In a small spot near the Dallas Farmers Market, two veterans of Tei-An are serving astoundingly delicious, regional Thai street food unlike anyplace else in D-FW.

It’s easy to miss this small storefront, just across the street from the Shed at the Dallas Farmers Market. And so far, it looks like most people have: Every time I’ve gone to Ka-Tip Thai Street Food, even during the peak pandemonium of a Saturday afternoon at the farmers market, I was just about the only one there.
But what is taking shape behind Ka-Tip’s tinted glass windows is one of the most exciting new restaurants in the city. George Kaiho and his wife, Yuyee Sakpanichkul Kaiho — two veterans of Tei-An, Dallas’ lauded Japanese restaurant — have put together a menu of astoundingly delicious, unadulterated regional Thai dishes unlike any I have found in D-FW.

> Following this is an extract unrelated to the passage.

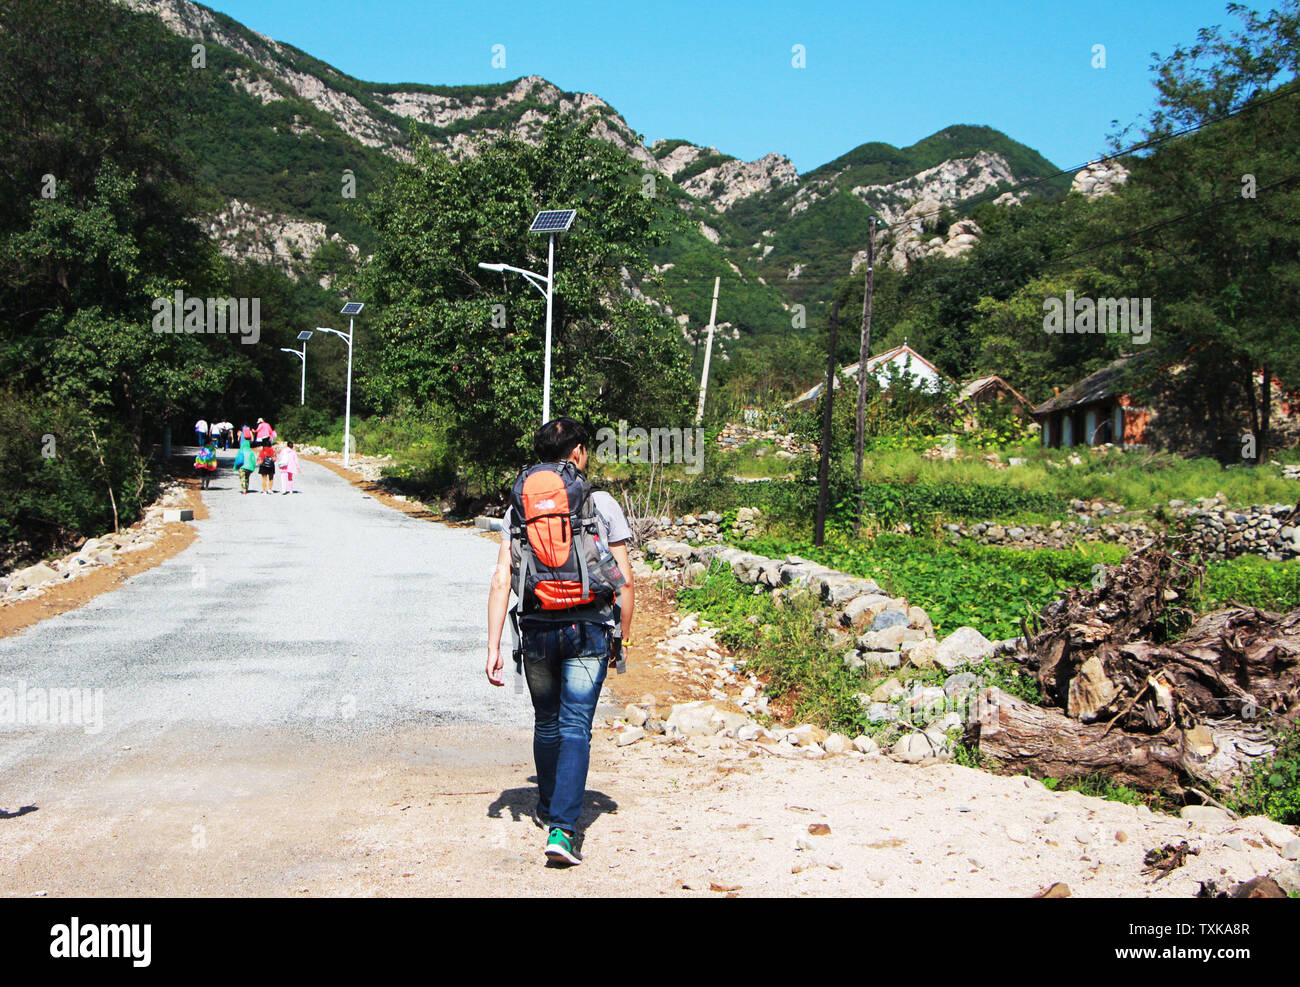 A person went on a trip alone, carrying a mountaineering bag, sunny, in a good mood Stock Photo

This is the food Yuyee grew up eating in Bangkok, which she reproduces here with flawless technique, farmers market produce and key ingredients sent directly from her mother in Thailand. Order at the counter, grab a sunny yellow chair in the small dining room and prepare to have your mind blown: Even the dishes you thought you knew — hot-and-sour tom yum soup, pad Thai, a simple green papaya salad — taste like they’ve been shaken to life with a riot of new flavors.
Fiery, funky, sprightly with fresh herbs and rippling with complexity — this is food that will haunt you until you return to eat it again and again. In a city where Thai fare tends to be too sweet, too bland and too carelessly made, Ka-Tip is a small treasure.